Bed Bath & Beyond Shares Plunge After Filing For Chapter 11

Bed Bath & Beyond Inc, a US household goods retailer that has finally filed for bankruptcy due to financial difficulties, crashed in the New York market on Monday.

Bed Bath & Beyond, which has a 52-year history, filed for Chapter 11 bankruptcy protection on Sunday (local time) and commenced the liquidation sale of some or all of its assets. This company, which attracted attention as a ‘meme stock’ on Wall Street, has warned of the possibility of bankruptcy due to financial difficulties for several months.

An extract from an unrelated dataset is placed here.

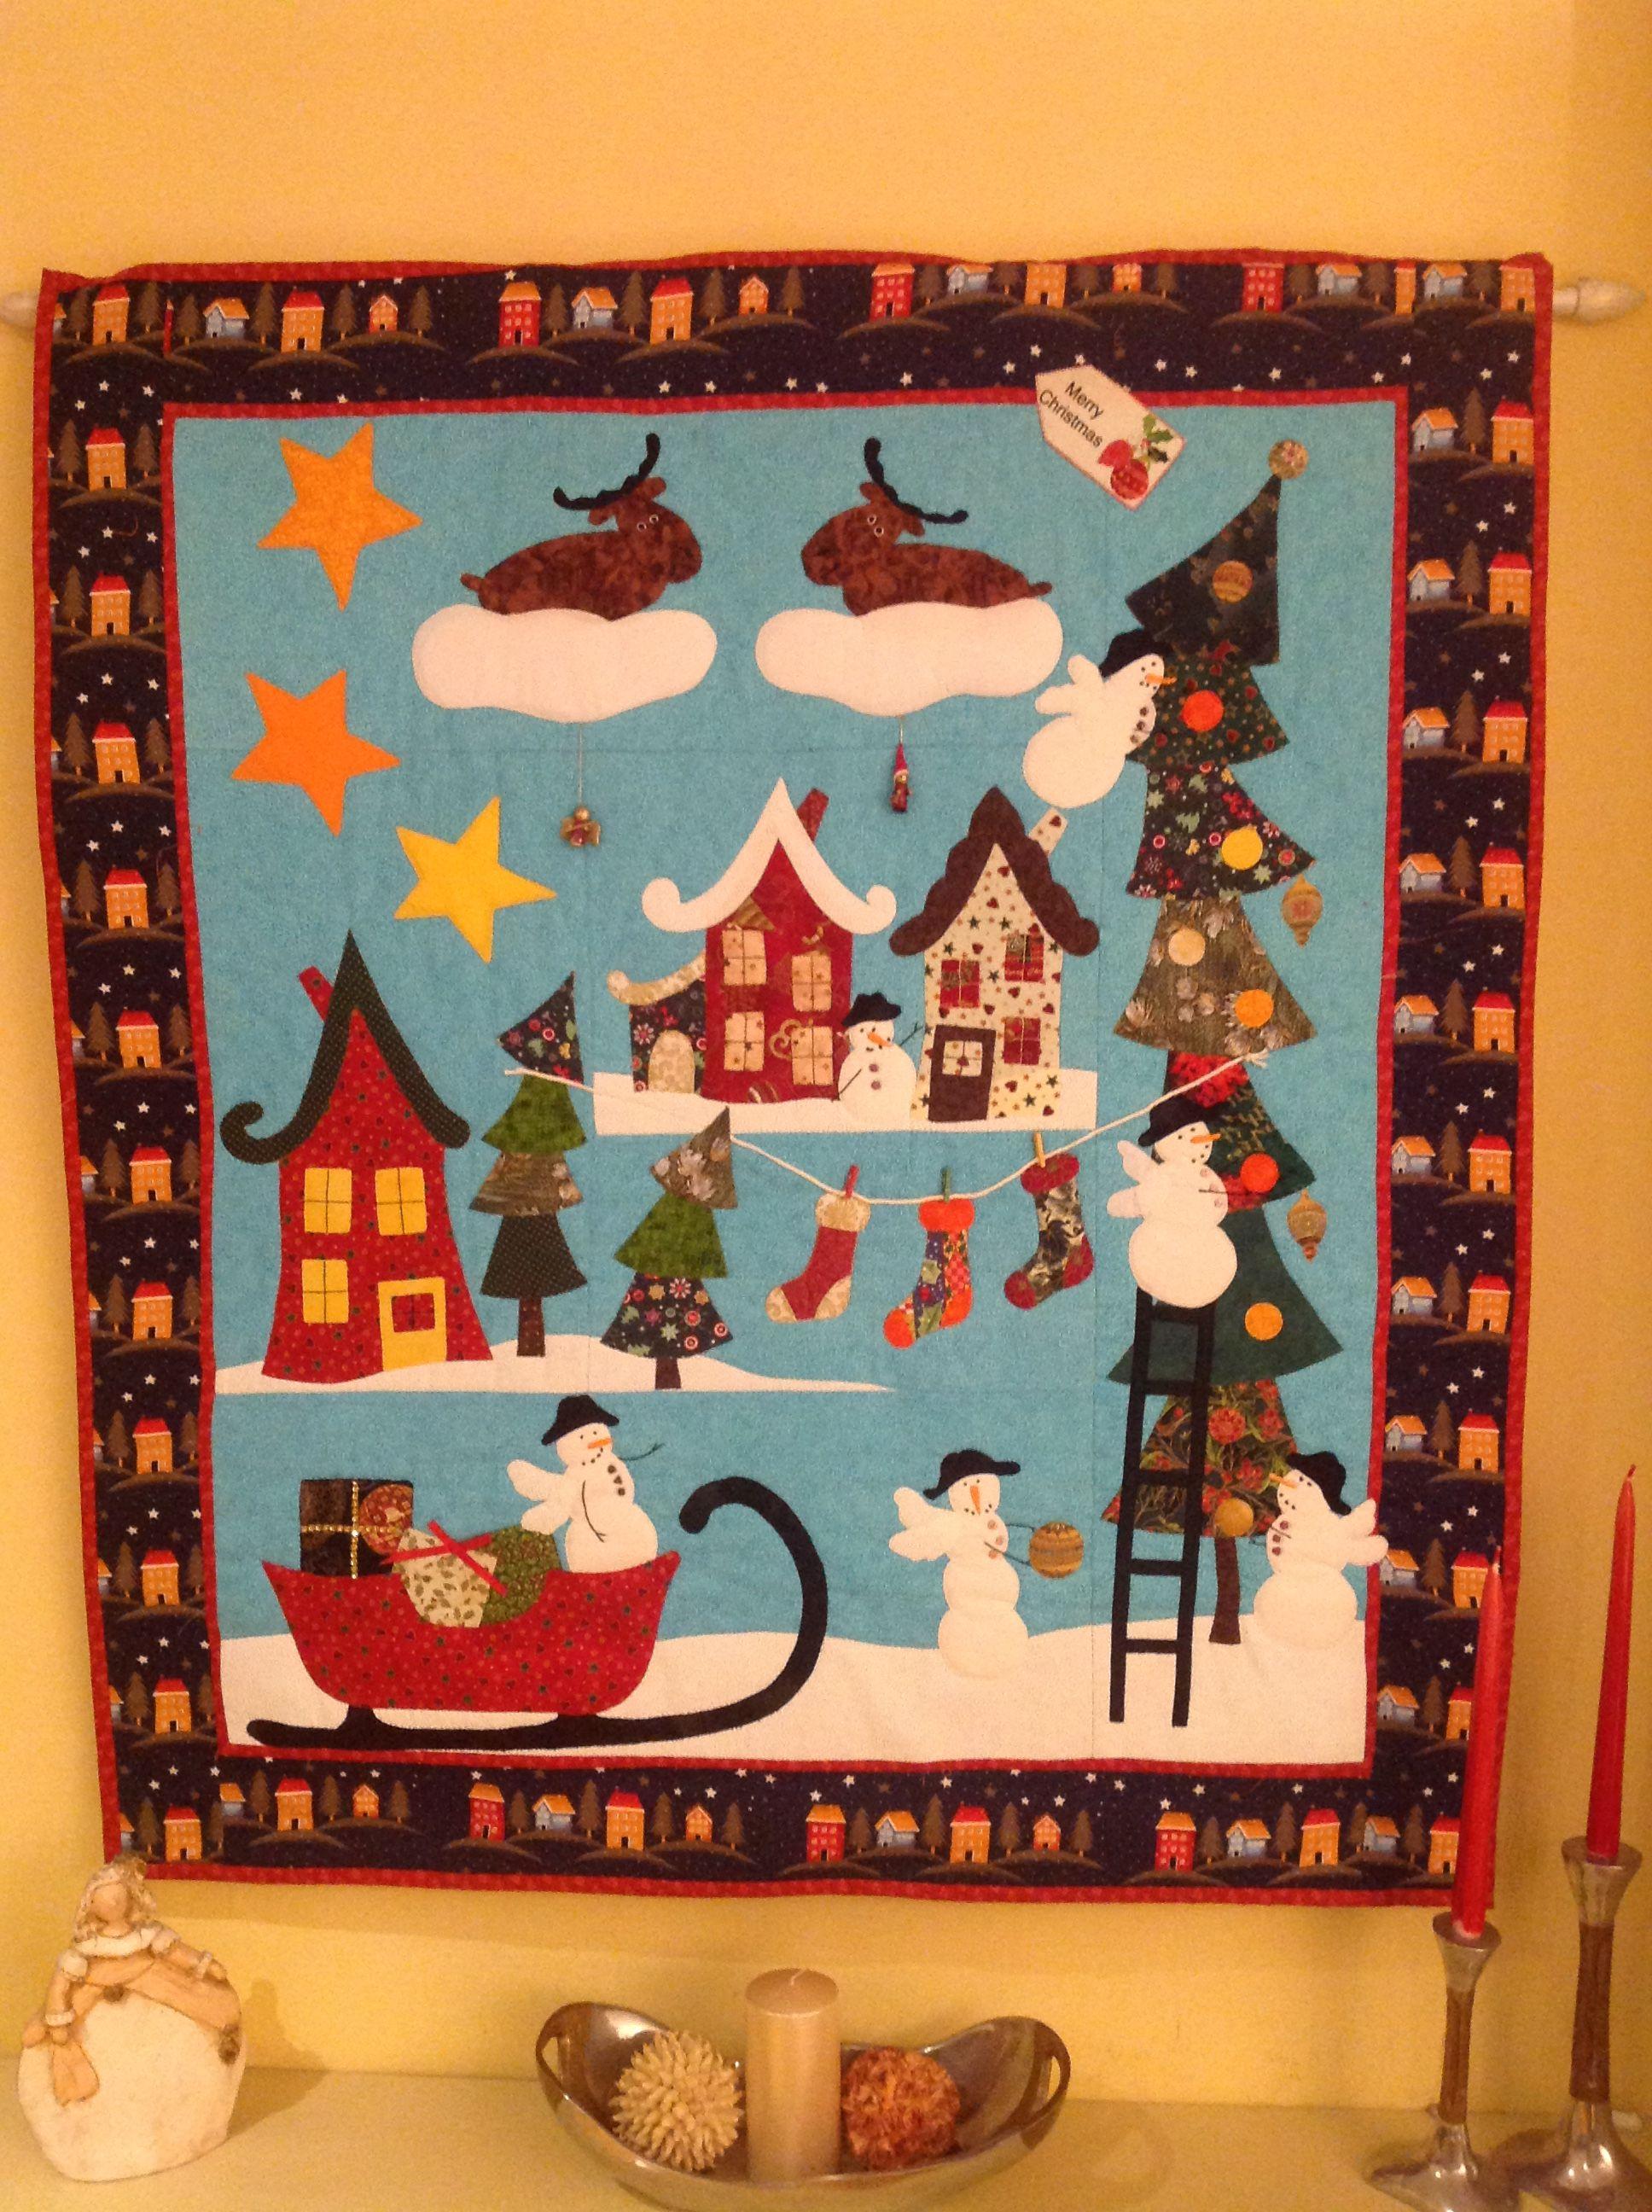 Mural de navidad patchwork pinterest murales de - Murales decorativos de navidad ...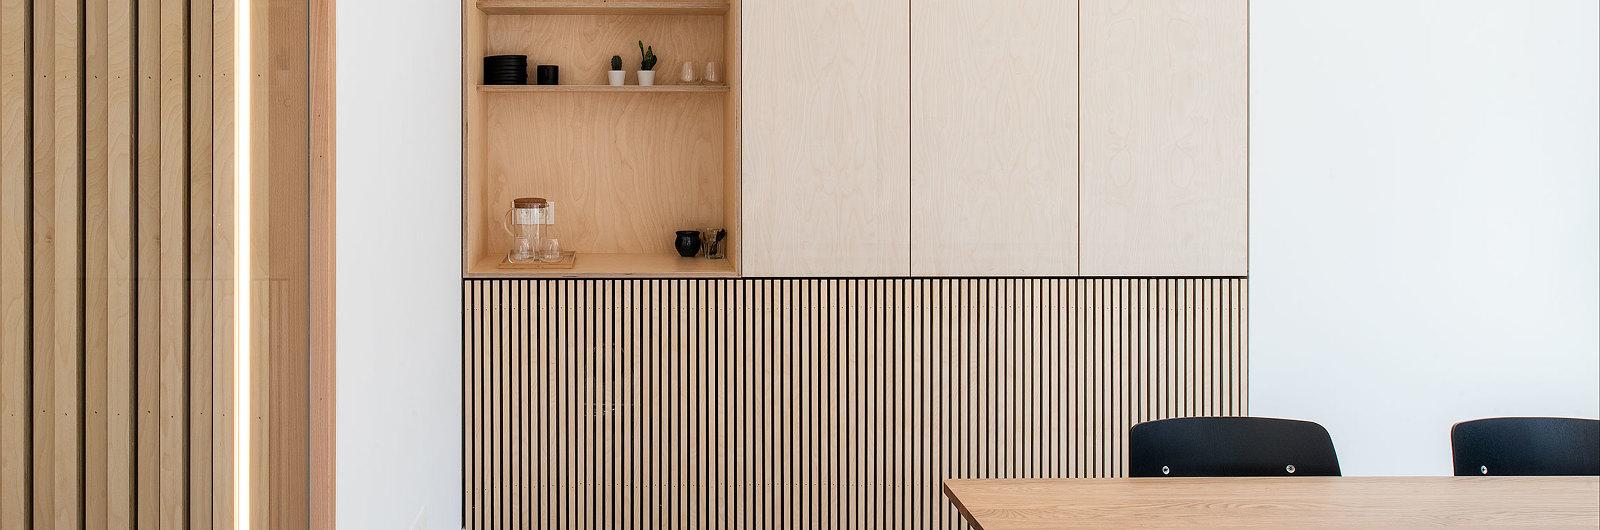 architectuur fotografie Patricia De Rycke Van Wassenhove Architecten

Shares in Bed Bath & Beyond (NASDAQ:BBBY) closed at 19 cents, down 35.67% on Monday. It then traded at 20 cents, up 5.4% in after-hours trading.

On Monday Bed Baths & Beyond was the second most active stock on Stocktwits, a website popular among individual investors. Also known as a flagship meme stock, the company rose to $36.87 per share in 2021.

Losses were due to ill-judged market strategy, reduced spending by inflation-stricken Americans, and tougher competition from TJX (NYSE:TJX) to rivals such as TJ Maxx and Target Corp (NYSE:TGT). As the money grew and cash ran out, the business went bankrupt.

But the company’s demise poses no threat to the broader retail sector, and some companies including Walmart (NYSE:WMT), Amazon.com (NASDAQ:AMZN), Target and Williams-Sonoma (NYSE:WSM) will benefit, analysts said.

Bed Bath & Beyond, meanwhile, has also named Holly Etlin as interim CFO. A bankruptcy specialist, Etlin will also serve as the chief restructuring officer, overseeing the liquidation and divestment process.